### DATASET EXCERPTS

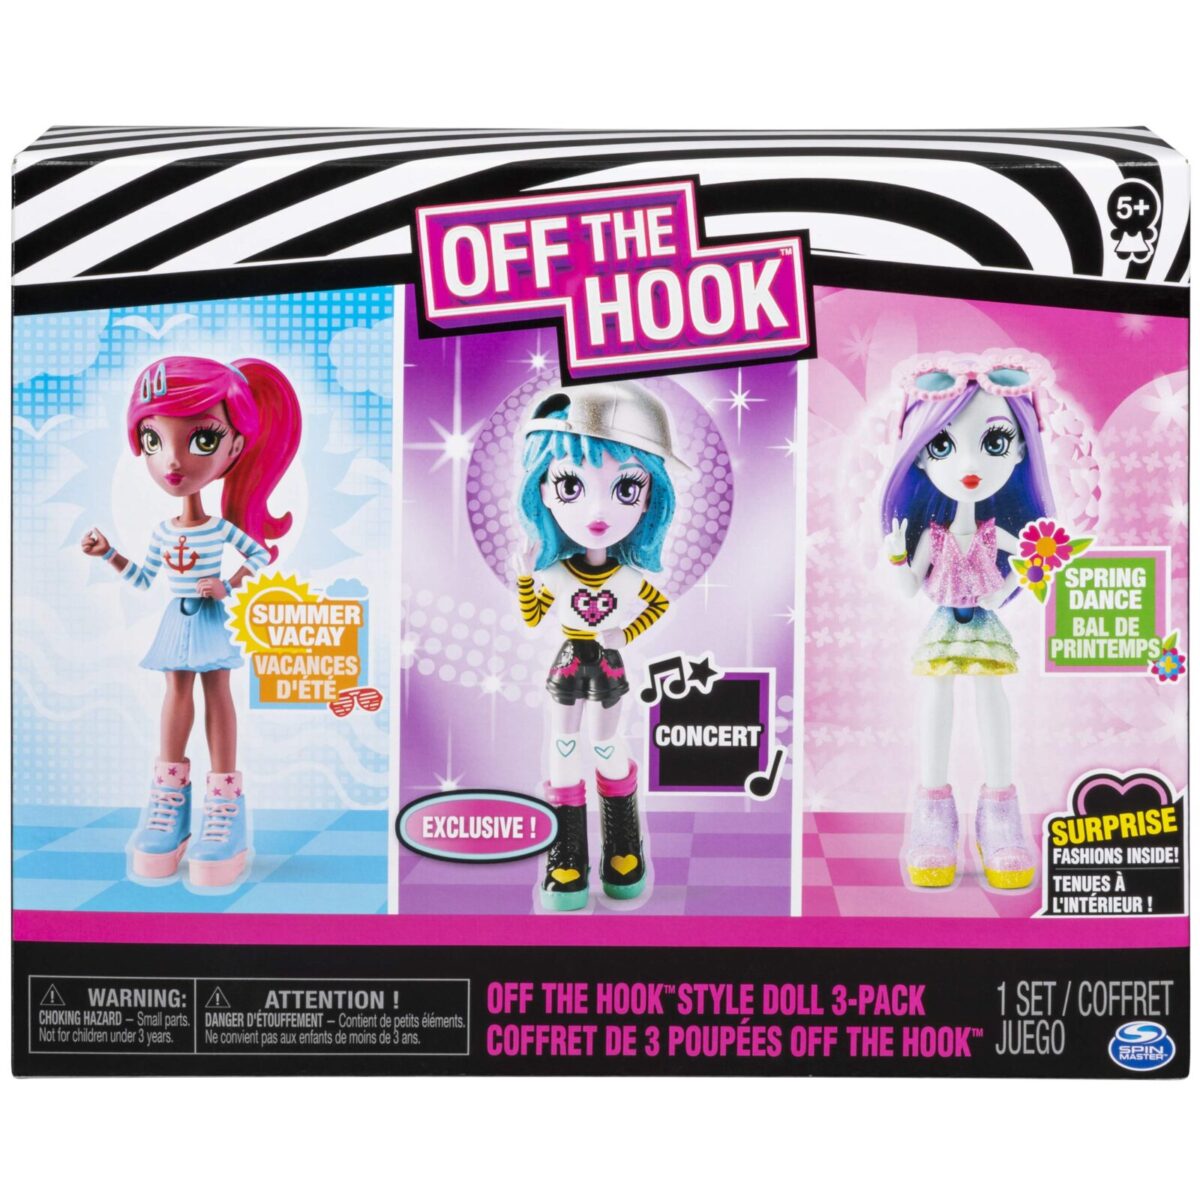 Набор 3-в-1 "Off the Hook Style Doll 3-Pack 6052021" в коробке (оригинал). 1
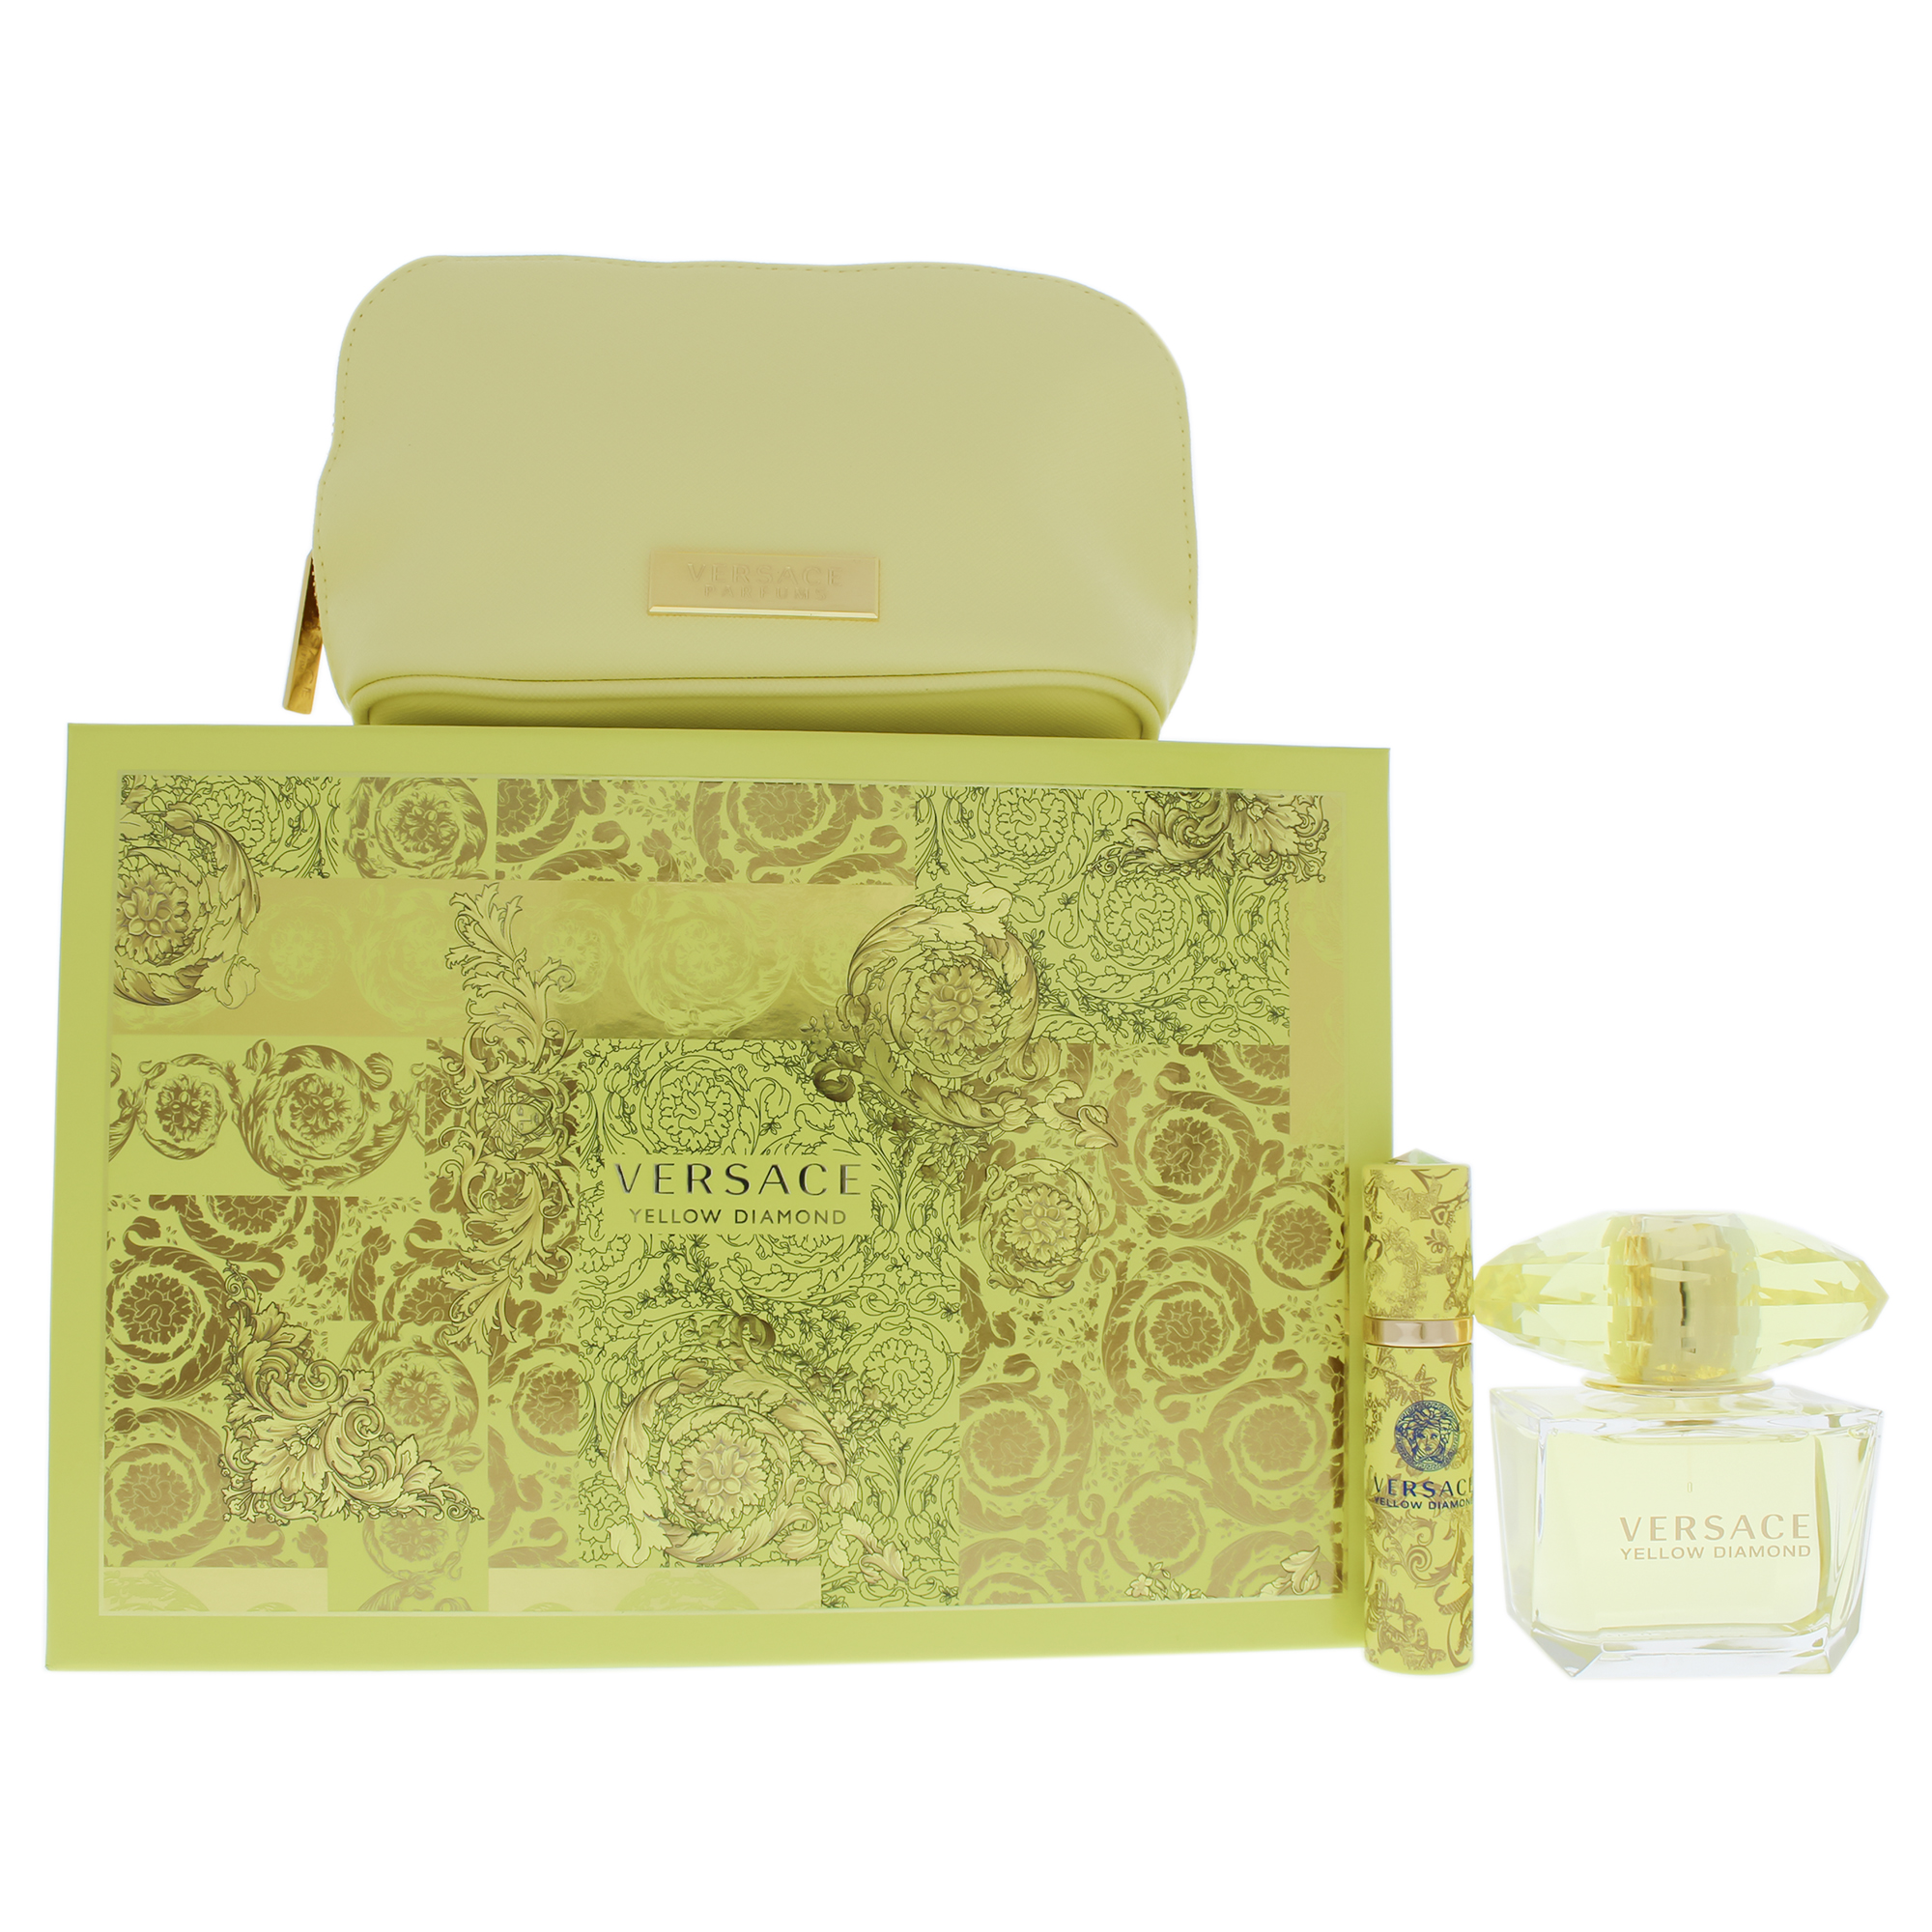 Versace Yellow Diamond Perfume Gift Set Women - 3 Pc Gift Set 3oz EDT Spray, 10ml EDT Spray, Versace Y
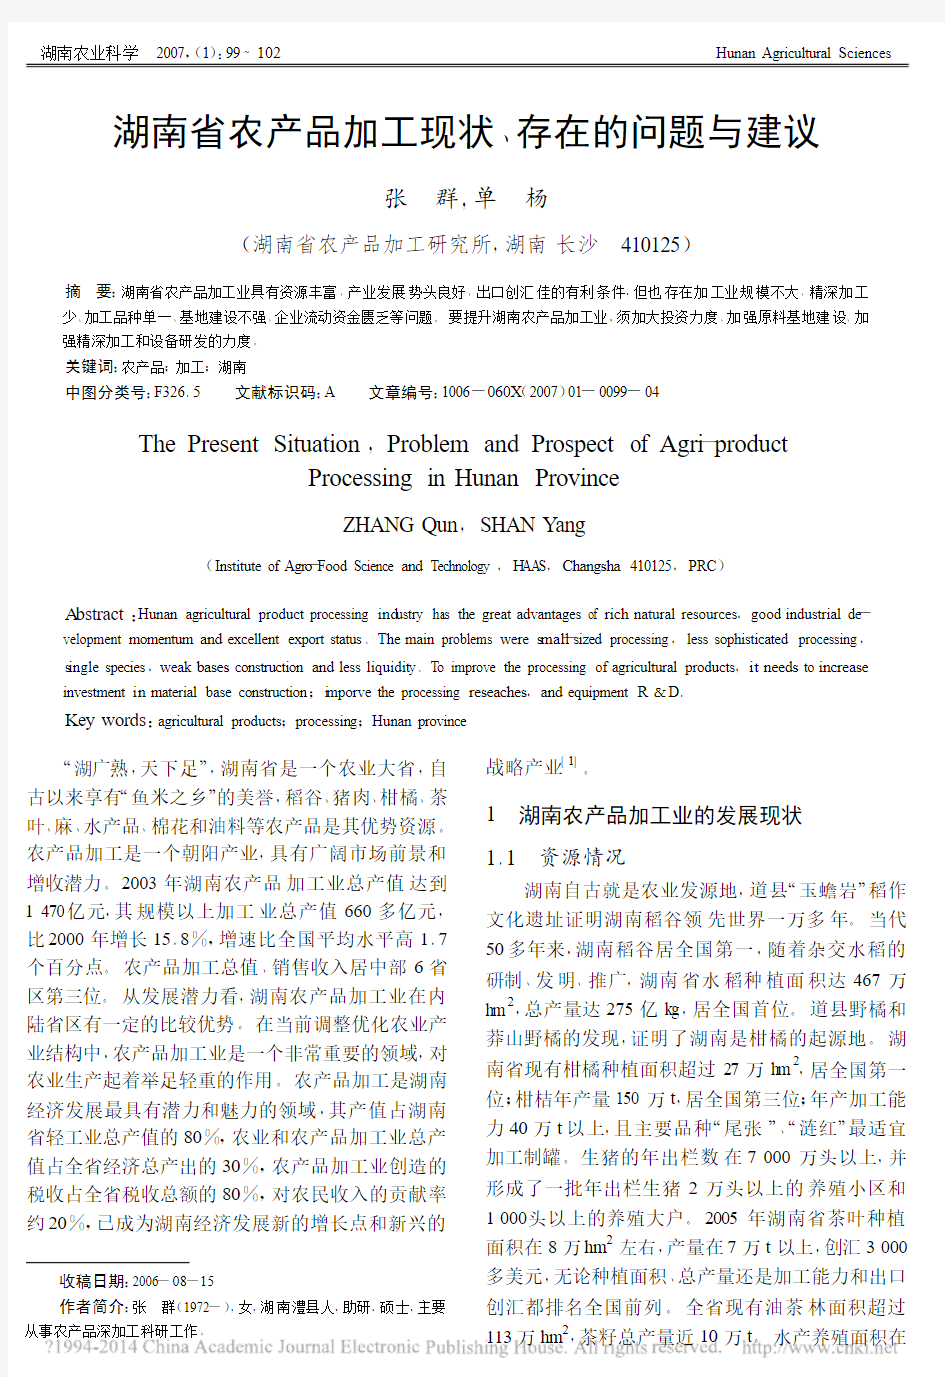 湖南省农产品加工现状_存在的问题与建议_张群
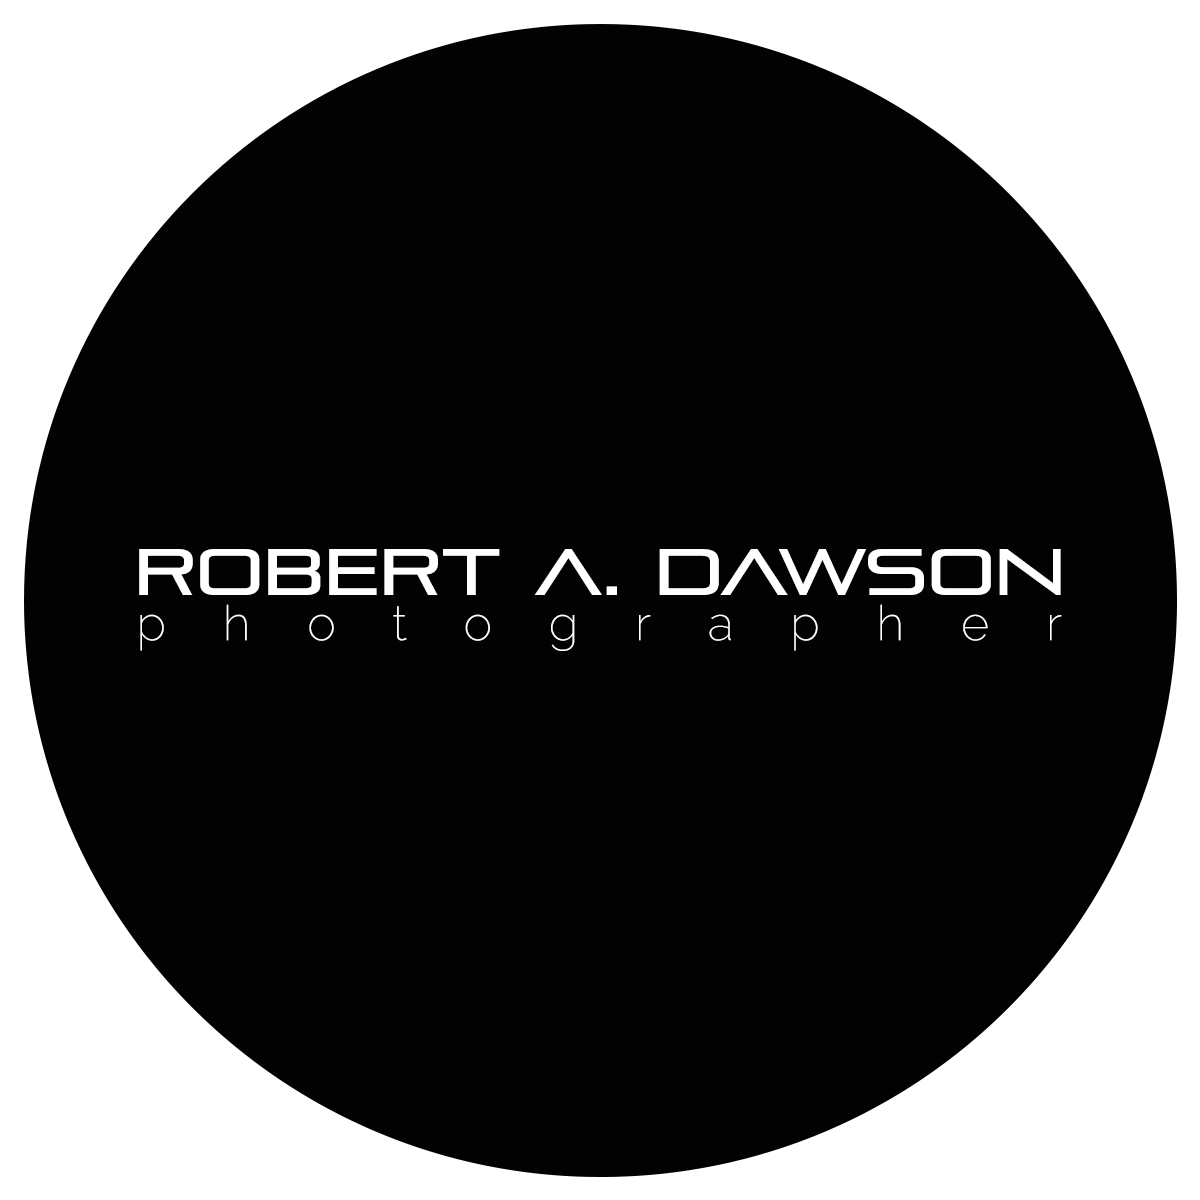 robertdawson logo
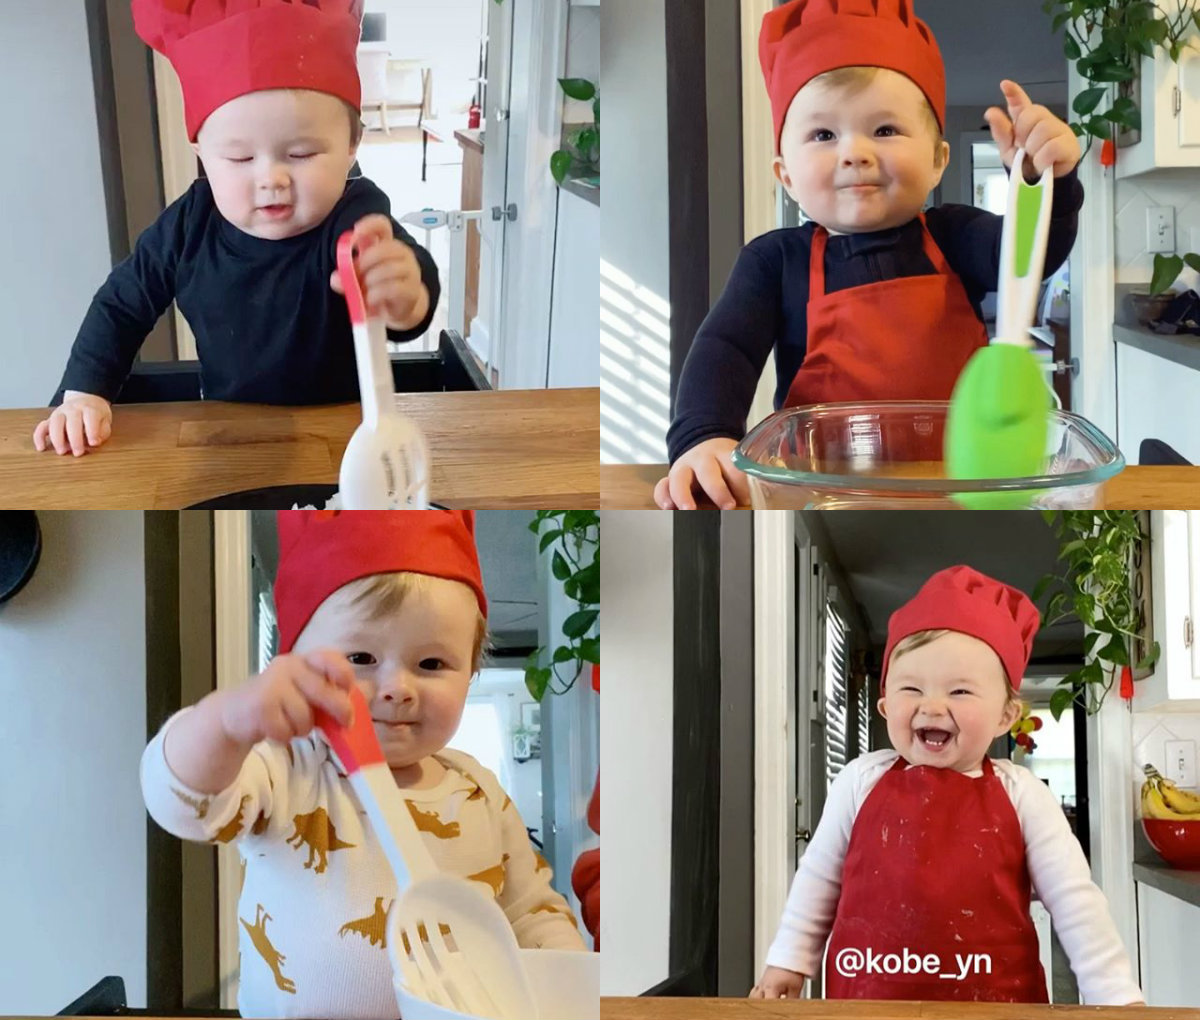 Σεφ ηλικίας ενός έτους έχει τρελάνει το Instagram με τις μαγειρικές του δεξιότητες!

### WHAT YOU WILL DO
From the line containing "湖南省农产品加工现状_存在的问题与建议_张群" to the end of the listing, restate each line word for word and nothing more; the pictures stay out.

### OUTPUT OF THE EXERCISE
 湖南省农产品加工现状_存在的问题与建议_张群
 robertdawson logo
 Σεφ ηλικίας ενός έτους έχει τρελάνει το Instagram με τις μαγειρικές του δεξιότητες!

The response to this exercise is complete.